Consumer Confidence Slips in September

9/29/2009
The Consumer Confidence Index fell to 53.1 percent in September. The dip, down from 54.5 points in August, reversed some of August’s 7-point gain.
The monthly index is part of the Consumer Confidence Survey, drawn from a sample of 5,000 U.S. households. Consumers seemed more pessimistic about the present and short-term than the future. While the Present Situation Index decreased to 22.7 from 25.4 in August, the Expectations Index—which gauges consumer predictions six months or more in the future—dropped only 0.5 points, to 73.3 from 73.8 last month.

But even looking further ahead, those expecting an improvement in business conditions over the next six months dropped slightly to 21.3 percent, from 22.2 percent.

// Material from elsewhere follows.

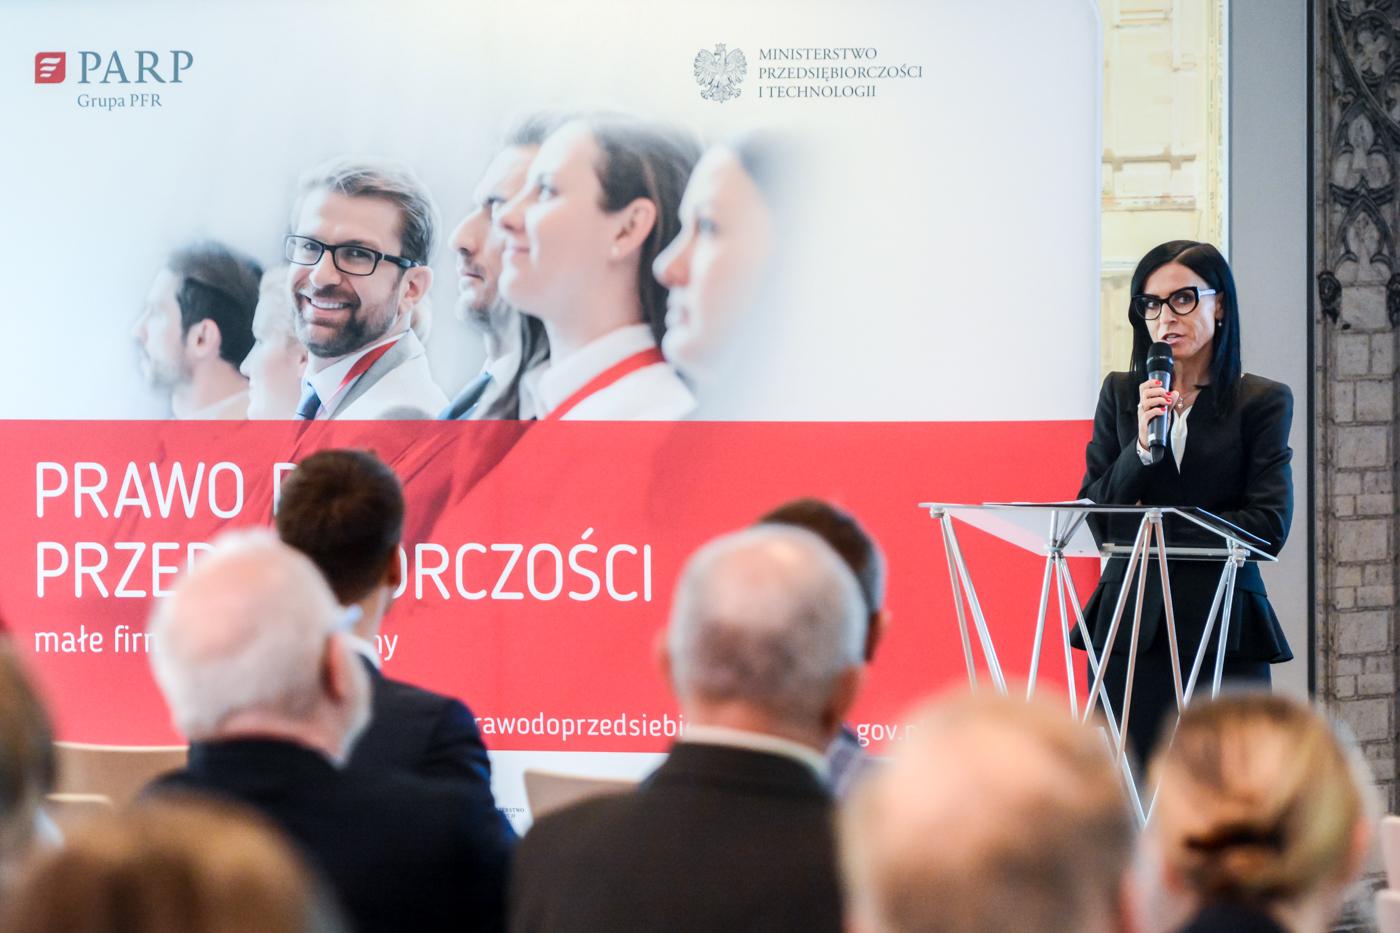 O dobry zmianach dla biznesu we Wrocławiu
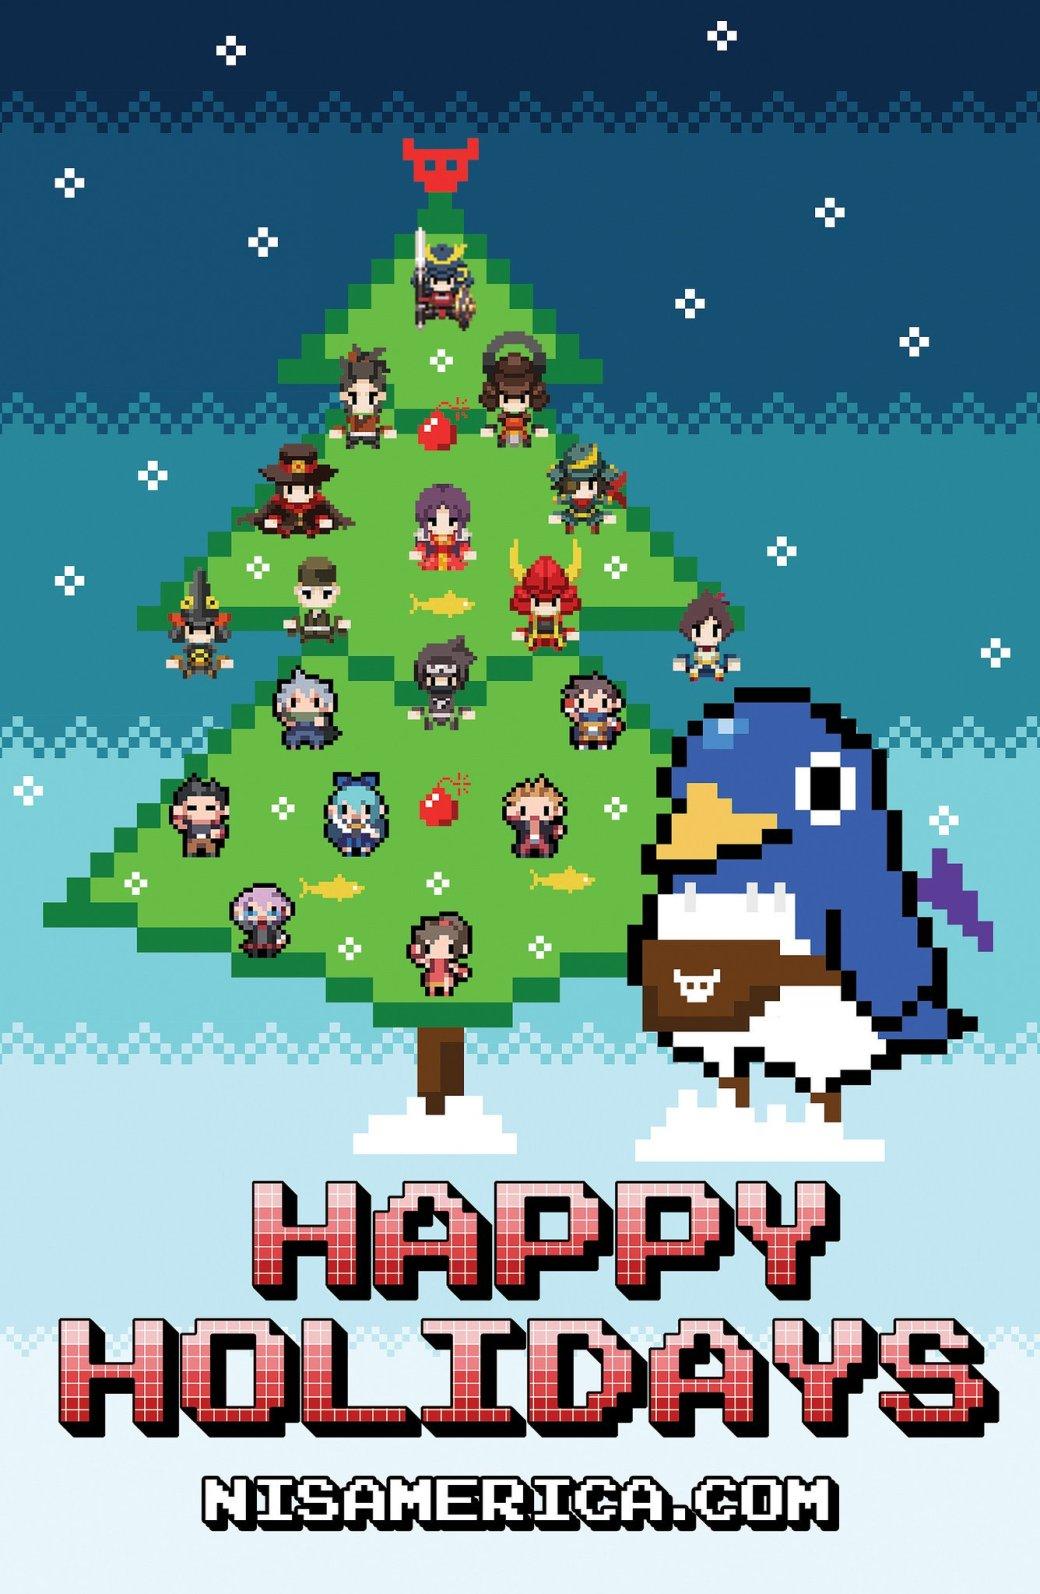 С праздниками! Разработчики поздравляют с Новым годом и Рождеством. - Изображение 14

This shift may not indicate a significant change in consumer attitudes as much as a sense of caution setting in about the pace of the recovery. “I don’t think that people’s expectations for the economy have changed much, they are just realizing that this isn’t going to happen quite so quickly and be that perfect rebound they were hoping for,” said Colin Read, a professor of economics and finance at the business school at SUNY Plattsburgh, and author of the recently published “The Fear Factor.” “There’s an expectation that in the next six months or a year, or a year and a half, things will start getting back to normal. We’re starting to accept that but we’re starting to become impatient wondering why it needs to take that long.”

Consumers saw current conditions as less favorable this month than last month, with those who believed business conditions were “bad” increasing from 44.6 to 46.3 percent and those considering jobs are “hard to get” rising from 44.3 to 47 percent.

“We’ve seen a lot of buoyancy and recovery in the last few months, but it’s just coming home to roost that this recovery is going to be slow and long and somewhat jobless,” said Read. “That early optimism is just being tempered with more realism.”